Usually its the fan hitting the bottom of the shroud. 
On the several 69'-70s that have rolled thru here 
if they had fan and or shroud issues its often the engine sitting low.
I have seen the motor mounts squish or break dropping the engine
in the cradle enuf to make them rub . This makes the engine oil pan almost touch the center link too. I actually had a lemans that was hard to steer and the pan was laying on the center link.
Collapsed frames under the motor mounts can cause the engine to sit crooked . Having the motor mount frame brackets on the wrong side ?
Warped shroud is it out of round?
wrong fan ? ours are 19" on the 69
68 hoods on 69's push the top of the shroud down but I havent
seen one push hard enuf to touch the fan.
Are you using the original radiator support and shroud ?
There has been alot of chat about the repops being out of whack.
wrong tranny mount ?
Is the radiator support bushings the correct size and location ?

Scott


----------



## O52 (Jan 27, 2019)

If its hitting the top of the shroud check your transmission mount.


----------



## RAIIIJudge (Sep 8, 2020)

This is great, thanks fellas.
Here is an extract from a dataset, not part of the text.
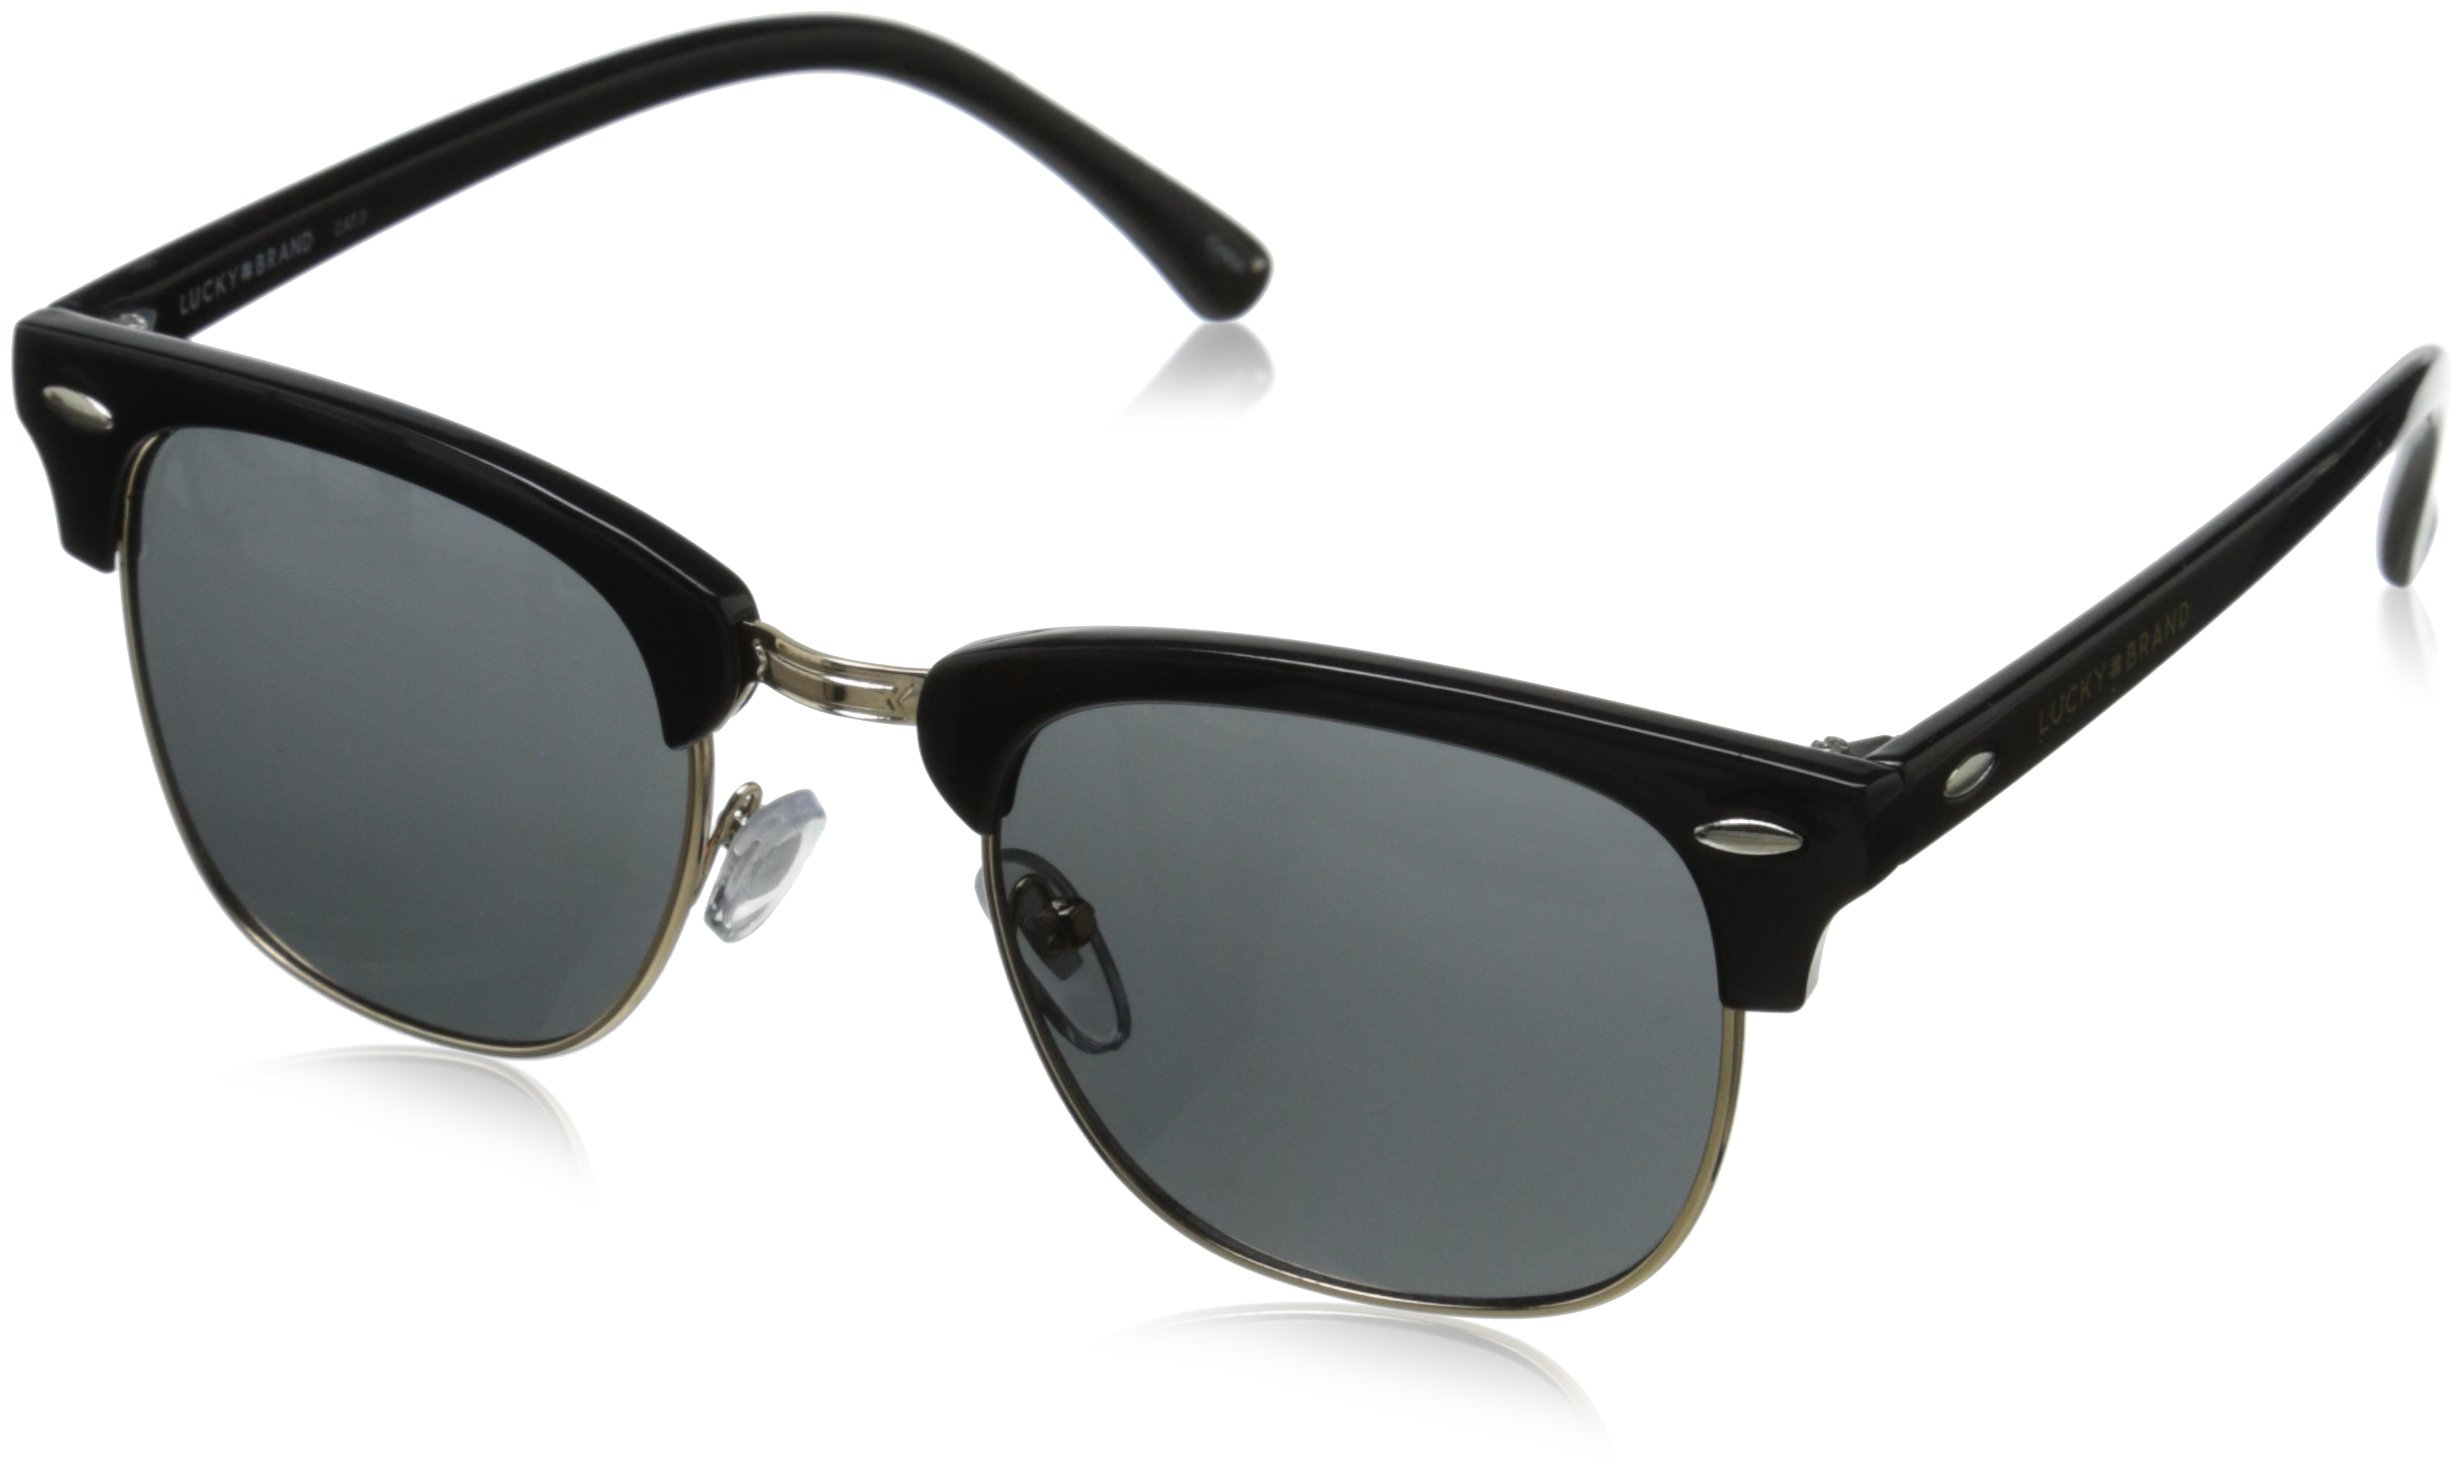 Lucky Unisex-Adult D901bla50 Cateye Sunglasses, BLACK, 50 mm

I've got stuff to look at at!
Heading up Friday night, I'll report back.
M


----------



## BearGFR (Aug 25, 2008)

Also, if the core support has been out of the car, double check that all the rubber biscuits are installed in the right spots. If they're off and it's not sitting at the right height then not only will you have fan problems but you'll find it impossible to get the bumper lined up.

Bear


----------



## RAIIIJudge (Sep 8, 2020)

The nose has been an issue .. I'll check core support. Thanks!
Seeing as nose was giving us trouble and that I'm pretty sure hideaway lights aren't fully installed .. I was thinking I'd take nose off this weekend. All ears regarding this move.


----------



## RAIIIJudge (Sep 8, 2020)

Gorgeous day to be in the garage!
Here are some shots of motor mounts.
Anything look amiss?


----------



## RAIIIJudge (Sep 8, 2020)

Tough crowd ; )

Home. Great New England weekend to work on a car ...
Shimmed both sets of (smooshed) core biscuits to correct width which took care of fan/shroud conflict.
I'll order fresh this week.

Onward and upward,
M


----------